Who is Mona and what is her involvement with state-subsidized health care in Indonesia?

www.indohospital.com

Left to right: Sema, Ana, Mona, Fahri

A small mattress stained in a rainbow of colors lay in an empty hospital bed at Fatmawati, a large, full-accredited treatment and training hospital in South Jakarta.

Two hysterical children — including my nephew 18 month old Ahmad Fahri — arrive from the operating room carried by their mothers.

Yesterday after arriving at the hospital, 18-month old Ahmad Fahri played happily on the floor with other young patients.

But you could see his surprise when met Maulana , a child about his own age with hydrocephalus, a condition relating to the flow of cerebrospinal fluid. Malulana’s head appears to be at least four times the size of Fahri’s.

Fahri was born with Hirschprung’s disease. Two of Fahri’s first words were “hurts” and “scared” will come in handy here at the state hospital.   However, he seems to understand that the doctors want to help him and usually tells them terima kasih or thank you.

Mona laid Fahri in the bed and tried to calm him. Then she arranged his IV drip and ran off to the pharmacy with a prescription, first giving a few instructions to Fahri’s father and her 15-year old daughter, Halima.

Now Fahri must begin his recovery from the first of a series of operations – a colostomy — which it is believed will eventually give him full, normal use of his colon.

It isn’t immediately clear who is charge of Fahri’s post-operative care. Perhaps it is his mother, Mona, who like many Indonesians uses only one name.

Up and down four flights of stairs, she is back again. She worries about where the drugs will come from. Will someone bring them? Would her husband be able to pick them up without being able to read? No medical staff are in sight.

Mona, age 30,  is the oldest of four children in a family that immigrated to Jakarta from the island of Madura, between Java and Bali.  She didn’t finish school but — unlike her mother — she can read  and speaks Indonesian without an accent.

Mona’s generation is the first within her family that takes city life for granted. But she also speaks fluent Maduran and enjoys visits to verdant, peaceful countryside of Madura.  With competencies and comfort levels beyond those of either her younger siblings or parents, she has grown up with a lot of weight on her shoulders.

Only one of the six beds in this room without air conditioning  in the children’s ward is empty. That means five Indonesian families who qualify for government health insurance share a single room.

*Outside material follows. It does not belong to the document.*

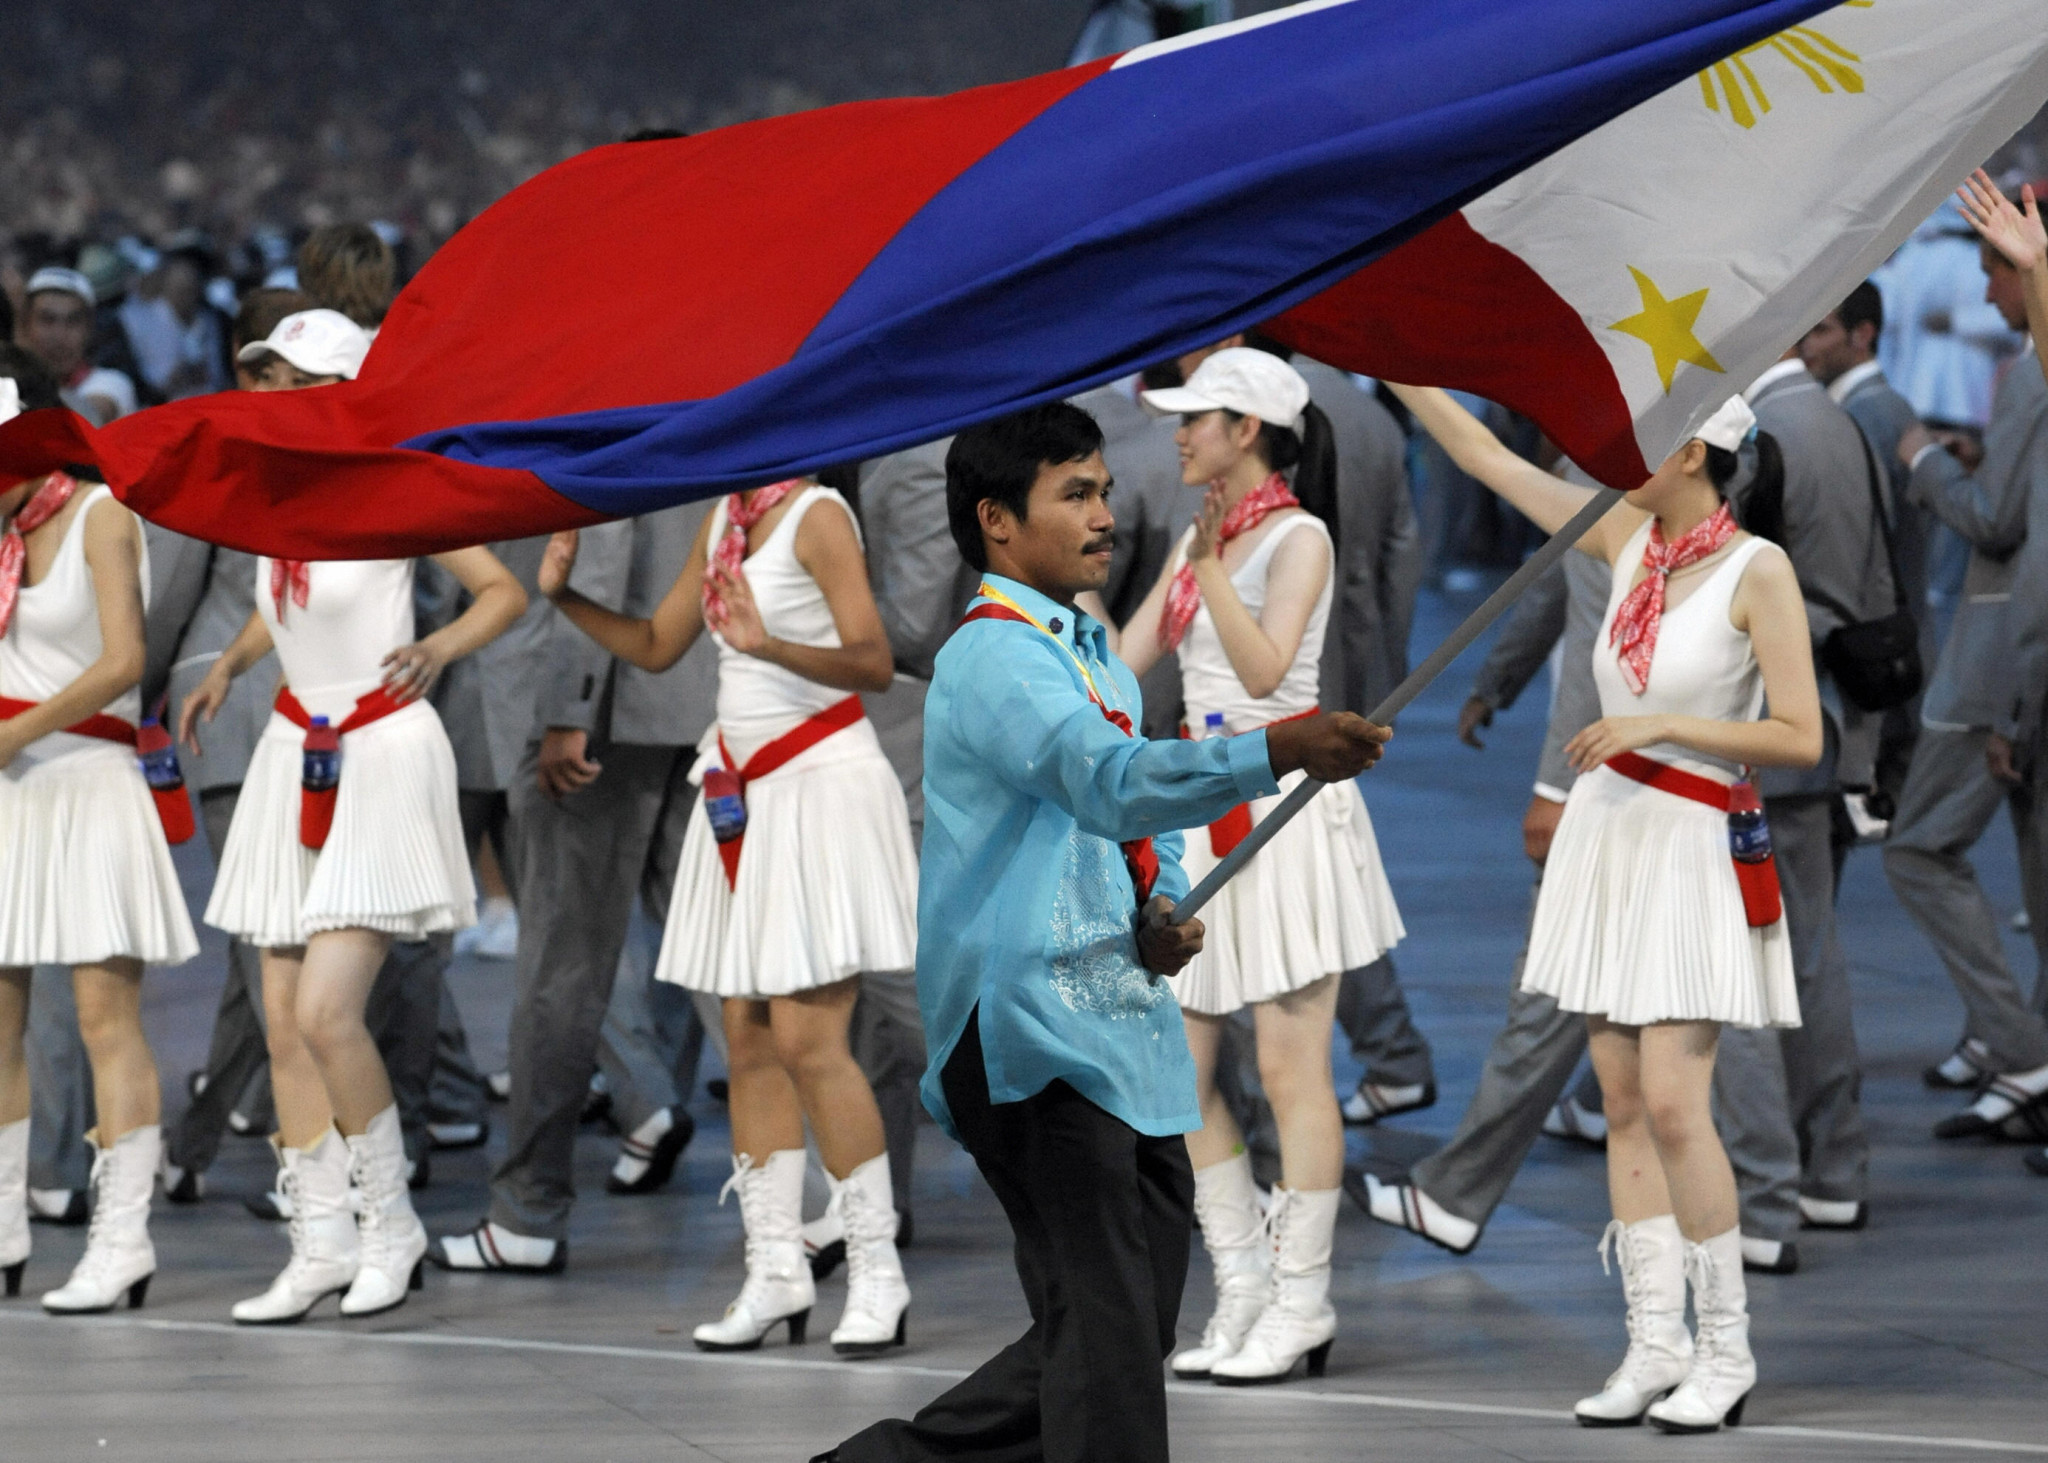 Manny Pacquiao was the Filipino flagbearer at Beijing 2008, despite not competing ©Getty Images

The room is full of family members trying to ascertain and attend to the needs of the recently admitted children. Young siblings and cousins of the patients manage to release stress by relaxing beneath the hospital beds or exercising in the hallways. After lunch, several young men and women come in to smile at Fahri and the other young patients. They wear smart hospital clothing but apparently lack medical training.

Finally a nurse takes Fahri to a small room across the hall. He repositions the plastic pouch attached to his belly which will supplant all his bowel functions for the next few months .

Why are they hurting me again, the little patient may well have asked. He was restrained by his mother, father and an aunt, while other family members watched the sad but successful intervention through a window. Then Fahri’s sister, who had permission to miss a day of junior high, left for a laboratory in a far corner of the medical campus with a tissue sample.

The pouch replaced and antibiotics administered, Mona fanned her exhausted baby with a folded sheet of newsprint. She smiled broadly. While this was just the beginning of a series of operations, it marked the end of a long process of inquires, applications and tests.

“Finally we’re beginning,” she said.